[Extracted records]

■ ■ ■ ■ ■ ■ ■

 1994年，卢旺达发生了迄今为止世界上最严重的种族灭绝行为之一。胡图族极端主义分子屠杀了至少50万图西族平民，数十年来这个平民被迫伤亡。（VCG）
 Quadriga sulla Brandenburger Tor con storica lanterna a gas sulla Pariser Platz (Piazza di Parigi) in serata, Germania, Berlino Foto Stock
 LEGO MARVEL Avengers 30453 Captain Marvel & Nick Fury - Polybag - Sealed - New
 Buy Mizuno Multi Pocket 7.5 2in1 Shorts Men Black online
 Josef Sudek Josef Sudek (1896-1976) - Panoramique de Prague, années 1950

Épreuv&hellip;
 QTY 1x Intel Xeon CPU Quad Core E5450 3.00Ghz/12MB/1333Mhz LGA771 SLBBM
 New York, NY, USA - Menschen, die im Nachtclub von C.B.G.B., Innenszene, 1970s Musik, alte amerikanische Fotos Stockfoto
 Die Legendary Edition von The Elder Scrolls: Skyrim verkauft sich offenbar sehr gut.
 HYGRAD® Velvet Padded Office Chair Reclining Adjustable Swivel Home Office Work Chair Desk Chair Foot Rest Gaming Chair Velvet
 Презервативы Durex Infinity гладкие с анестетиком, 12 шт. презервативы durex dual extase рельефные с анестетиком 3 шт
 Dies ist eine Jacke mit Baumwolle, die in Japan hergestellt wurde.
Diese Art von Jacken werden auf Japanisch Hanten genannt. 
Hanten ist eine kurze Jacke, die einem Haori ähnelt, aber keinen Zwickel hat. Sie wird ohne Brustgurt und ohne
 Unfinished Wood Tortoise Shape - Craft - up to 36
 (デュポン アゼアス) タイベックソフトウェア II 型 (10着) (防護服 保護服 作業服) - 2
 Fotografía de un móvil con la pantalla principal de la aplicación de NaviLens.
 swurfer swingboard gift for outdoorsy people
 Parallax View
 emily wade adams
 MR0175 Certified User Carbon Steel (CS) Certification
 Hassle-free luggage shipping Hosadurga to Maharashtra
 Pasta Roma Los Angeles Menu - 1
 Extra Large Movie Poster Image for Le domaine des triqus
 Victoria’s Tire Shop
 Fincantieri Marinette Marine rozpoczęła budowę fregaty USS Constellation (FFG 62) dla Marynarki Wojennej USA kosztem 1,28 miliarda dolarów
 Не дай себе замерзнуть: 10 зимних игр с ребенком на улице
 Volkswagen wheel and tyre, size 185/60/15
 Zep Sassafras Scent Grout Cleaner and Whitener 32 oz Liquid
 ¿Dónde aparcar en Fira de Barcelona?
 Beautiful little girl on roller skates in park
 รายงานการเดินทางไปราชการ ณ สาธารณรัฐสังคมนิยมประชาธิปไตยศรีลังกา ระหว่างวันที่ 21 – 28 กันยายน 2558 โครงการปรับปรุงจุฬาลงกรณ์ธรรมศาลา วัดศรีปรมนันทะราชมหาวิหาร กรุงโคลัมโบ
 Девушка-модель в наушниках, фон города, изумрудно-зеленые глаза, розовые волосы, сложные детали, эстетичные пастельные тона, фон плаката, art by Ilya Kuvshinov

■ ■ ■ ■ ■ ■ ■

• _How to complete this task_
Report every line of the records that contains the word "eine".

• _Written reply_
 Dies ist eine Jacke mit Baumwolle, die in Japan hergestellt wurde.
Hanten ist eine kurze Jacke, die einem Haori ähnelt, aber keinen Zwickel hat. Sie wird ohne Brustgurt und ohne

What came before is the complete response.